» Task item
Transcribe the lines below exactly, beginning with the line that holds "Download 小亚裔女孩在公园 库存图片." and ending with the final line, both included. Pictures are to be left out.

» Raw data
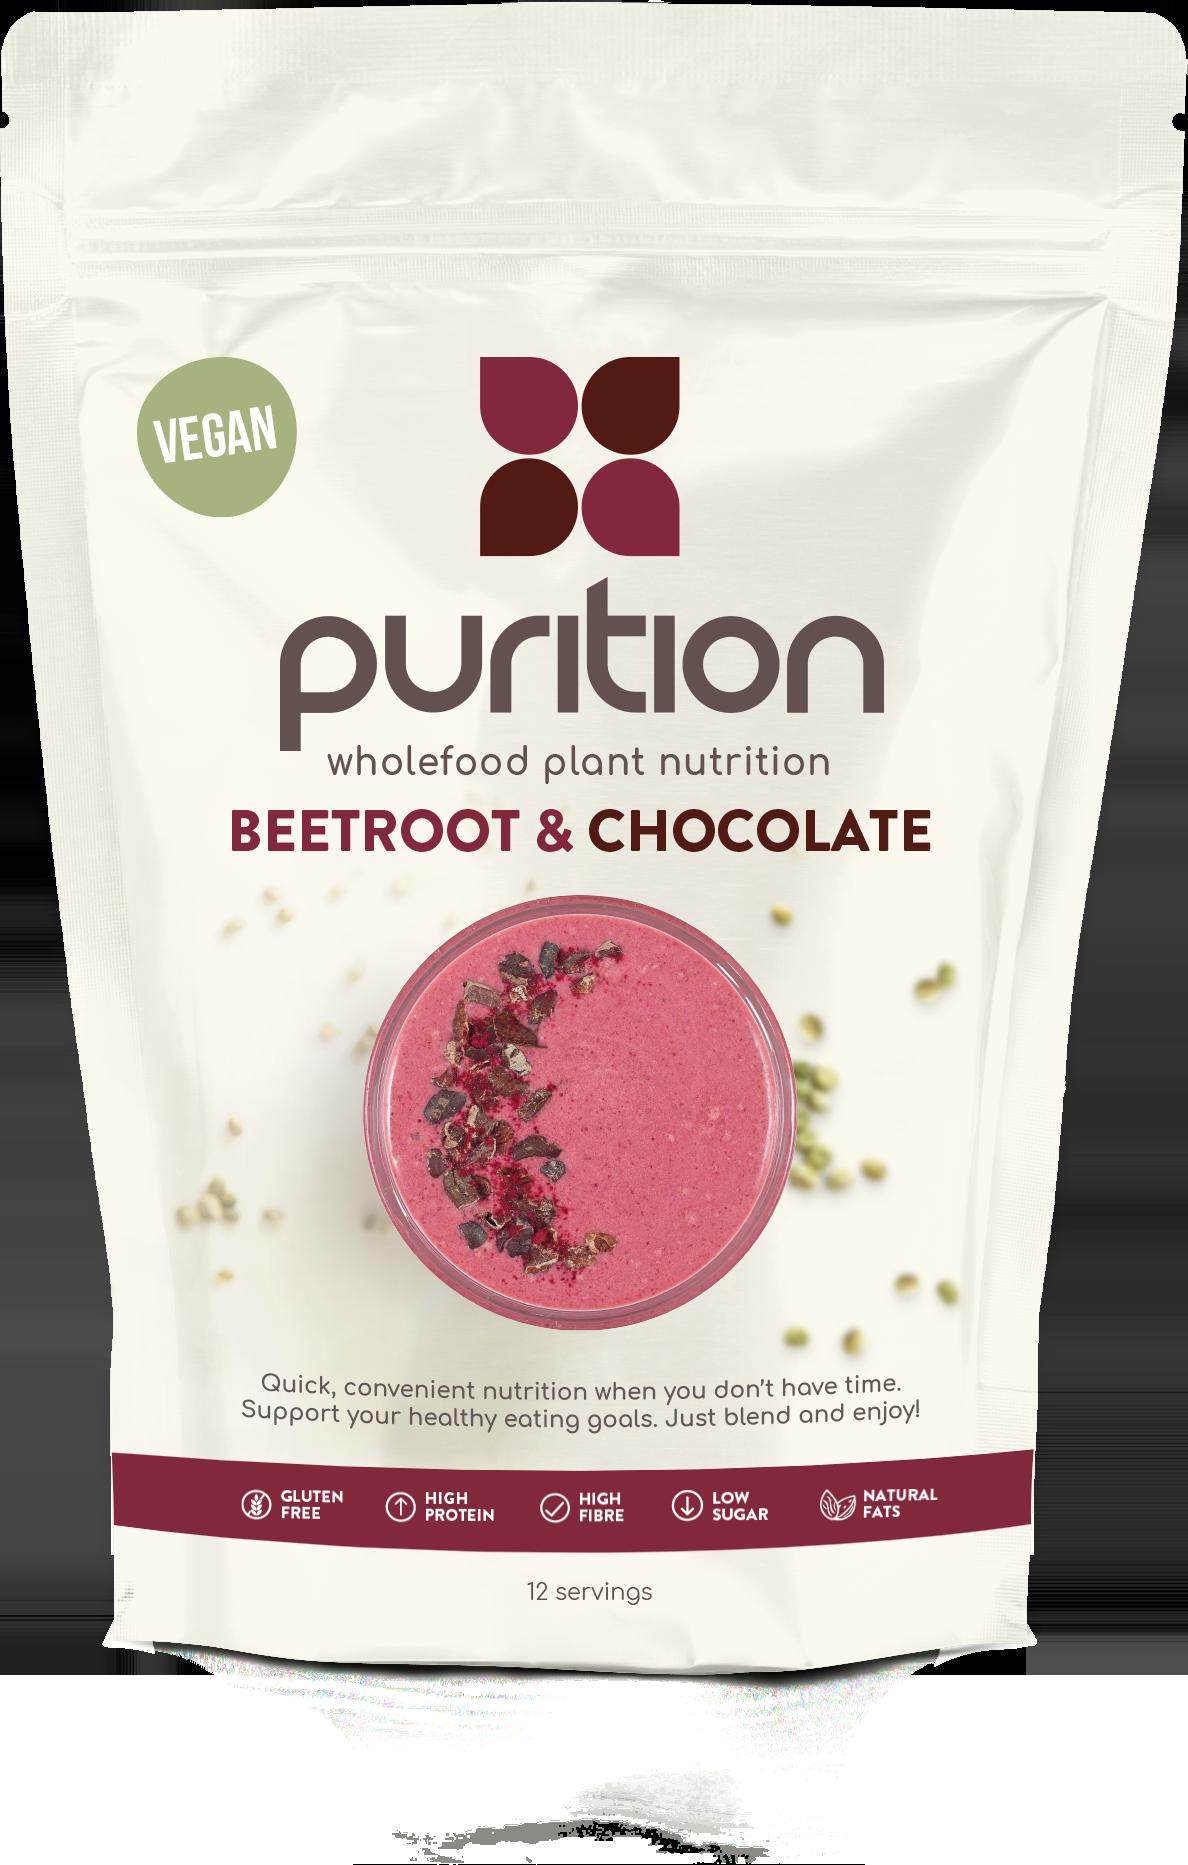 344010 beetroot and chocolate purition vegan f63d18 original 1580385537
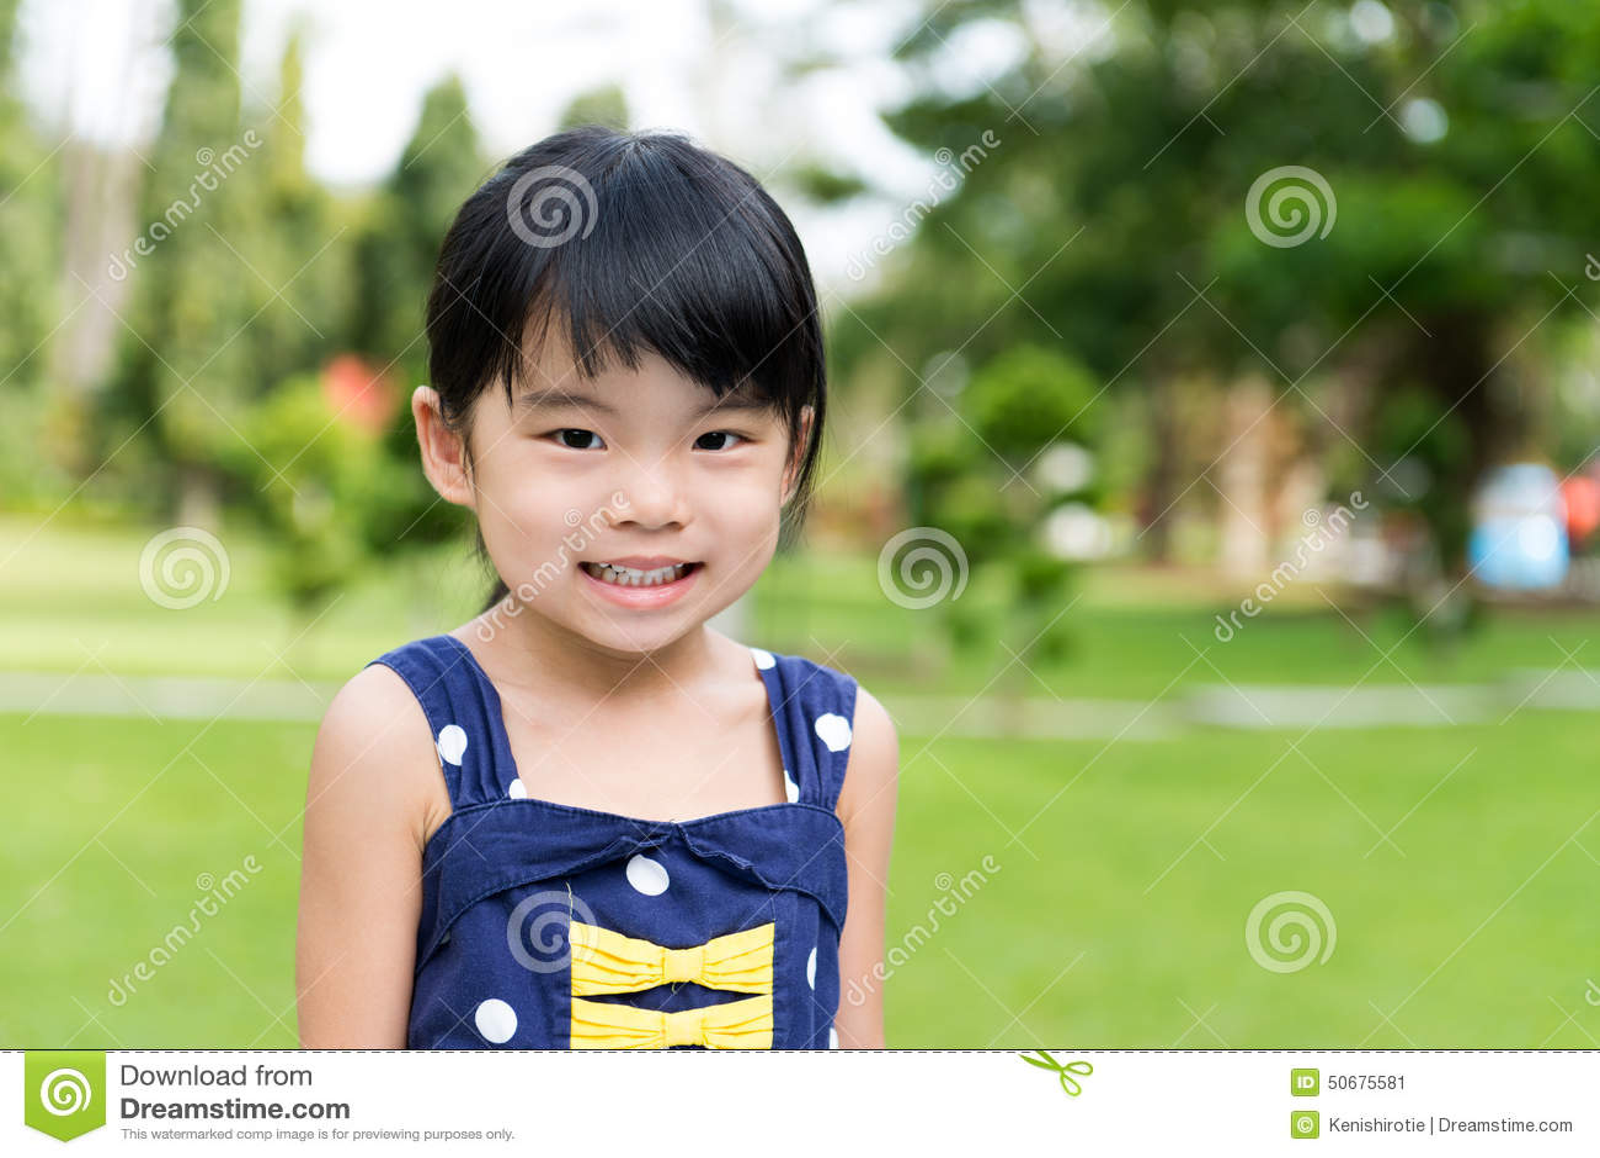 Download 小亚裔女孩在公园 库存图片. 图片 包括有 聚会所, 庭院, 春天, 孩子, 幸福, 放松, 敬慕, 微笑 - 50675581
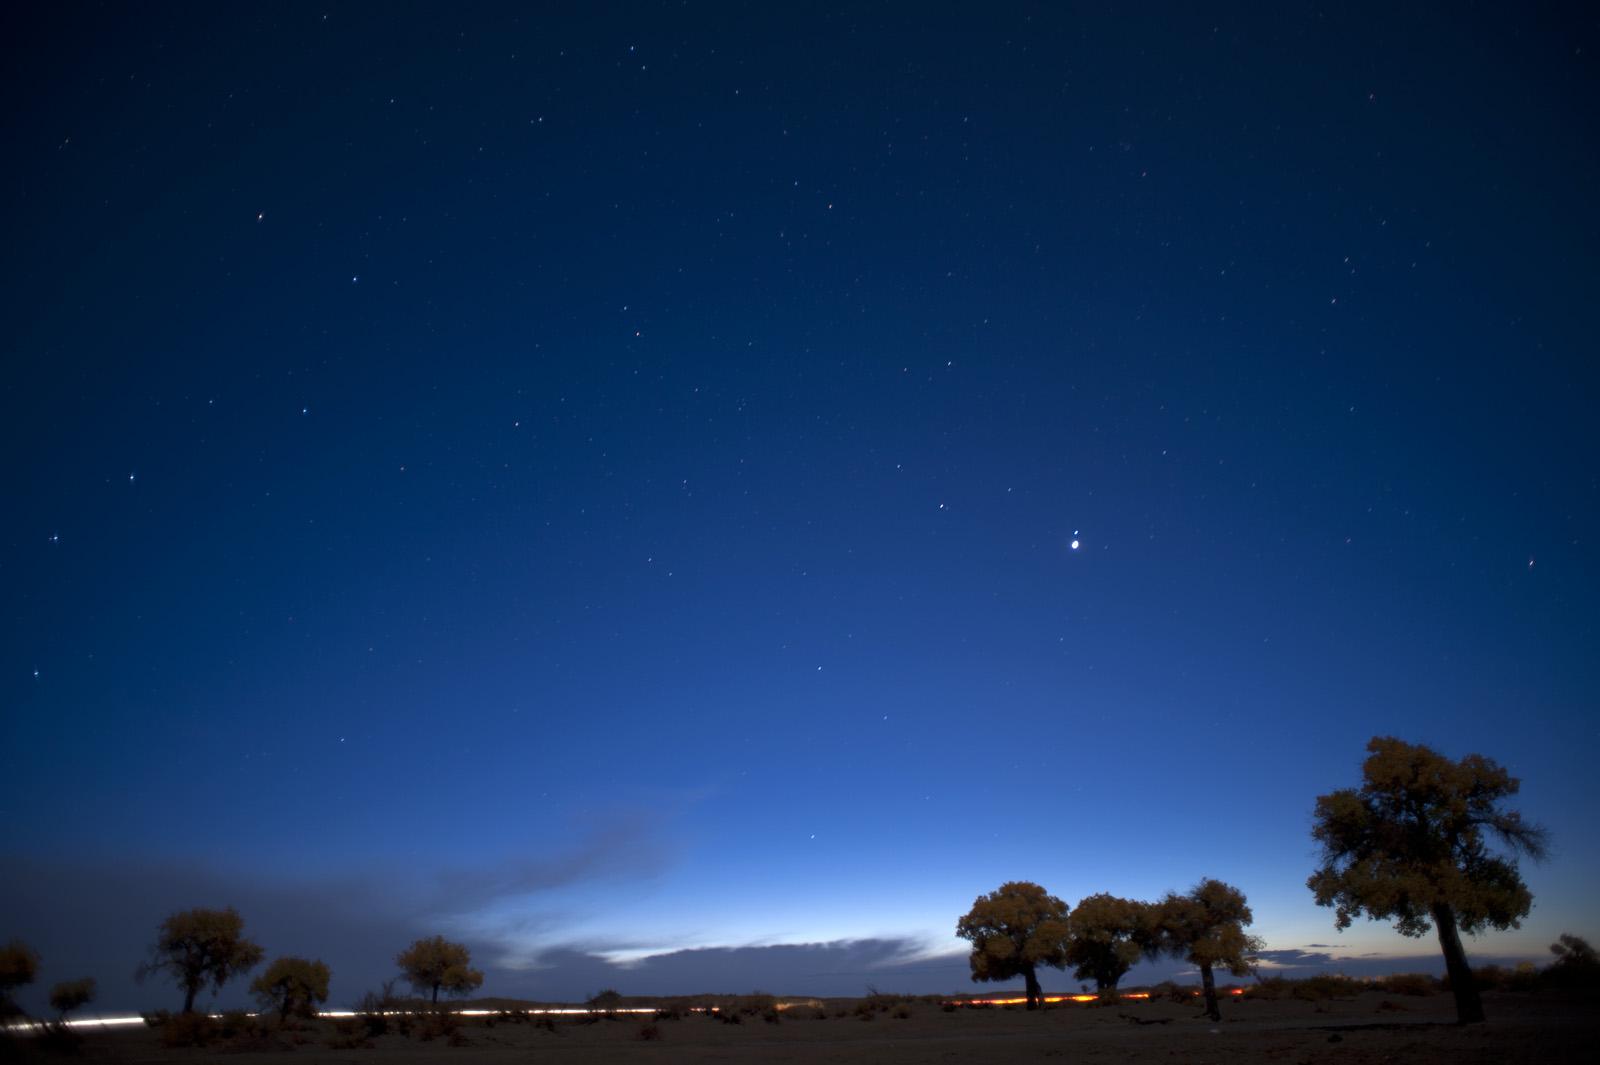 kxty作品:额济纳的夜空

» Response to this task
 Download 小亚裔女孩在公园 库存图片. 图片 包括有 聚会所, 庭院, 春天, 孩子, 幸福, 放松, 敬慕, 微笑 - 50675581
 kxty作品:额济纳的夜空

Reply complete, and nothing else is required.